Flack tucked his gun away as the guy was led down to the cop cars below. His chest rose and fell quicker than usual, mirroring the quickening beneath her own vest. We are the job. He nodded to her, circled his shoulder a couple of times and broke a small smile.
"Tell me there's beer at the end of this day," he said, and she smiled, and they followed the officers down the hall to the stairwell, leaving behind them the splintered door, shoved back in the space where it used to hang.

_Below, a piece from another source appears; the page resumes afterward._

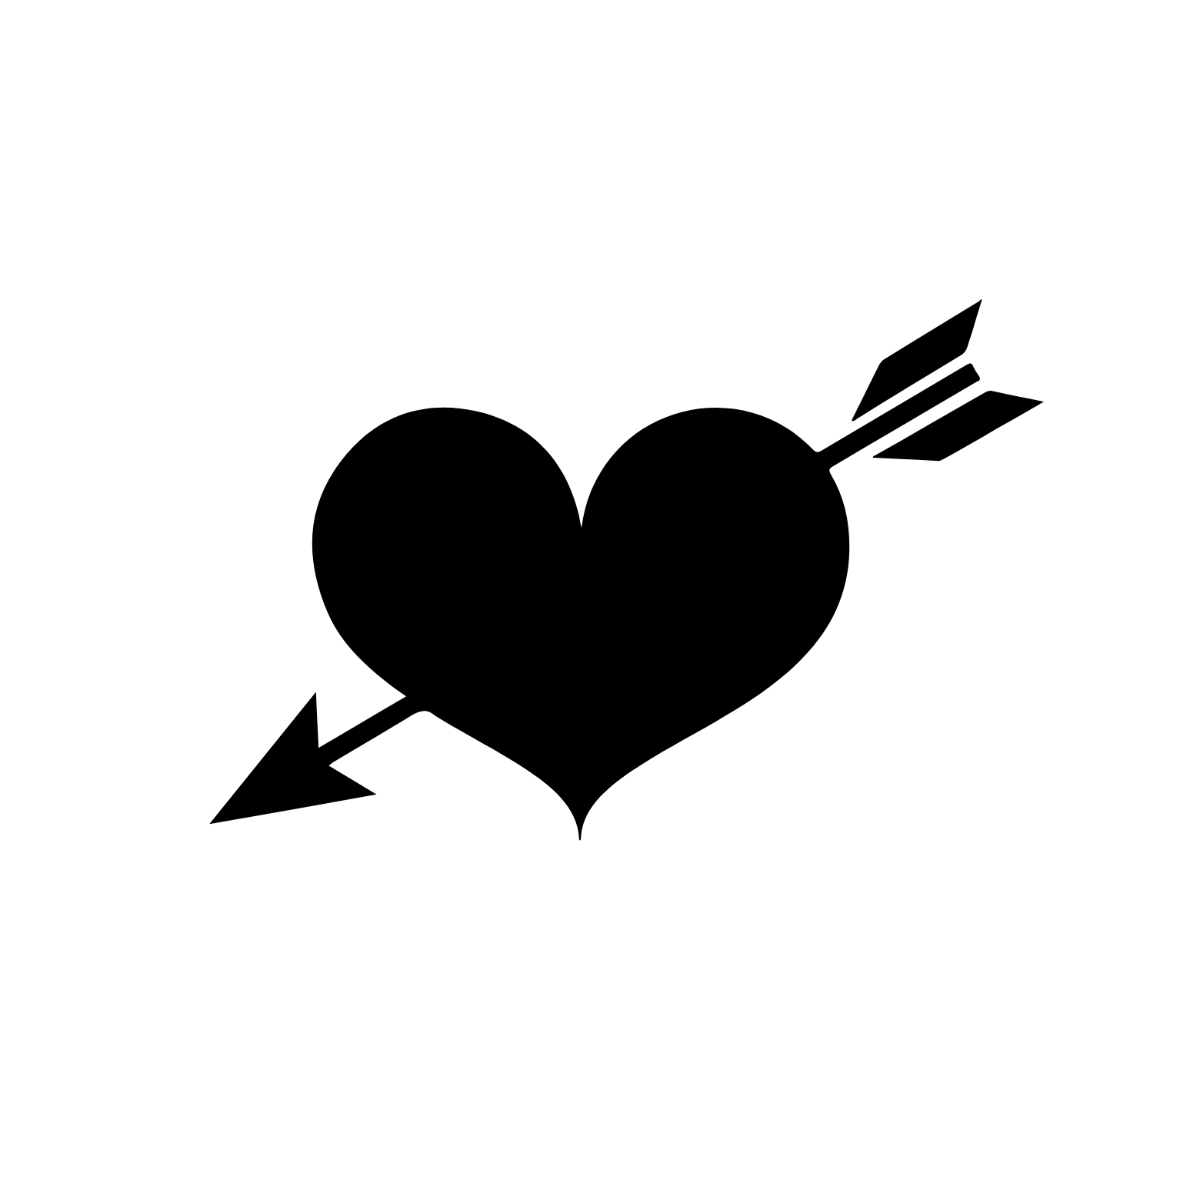 Black Heart with Arrow Silhouette Template

Stella listened to her own footsteps back out on the street. She was haunted a little by the fact that she had walked Angell into danger more than once in the months leading up to her death. In harm's way, asking more of her than the job did, and Angell had gone willingly. Seeing Flack's face the day she died, would she have done that if she'd known? Things had been so precarious, and she had been cluelessly adding to the likelihood that something would go wrong. She tried not to think about the fact that she'd done that before, letting Frankie into her life, not getting the force involved even once he'd started to get weird. She hadn't seen it as a risk at the time, not until It was too late. She tried not to think about Flack, and how he must feel. She tried not to think about the reasons for his not telling her. She tried not to think about the honest truth - that she might not have wanted to know.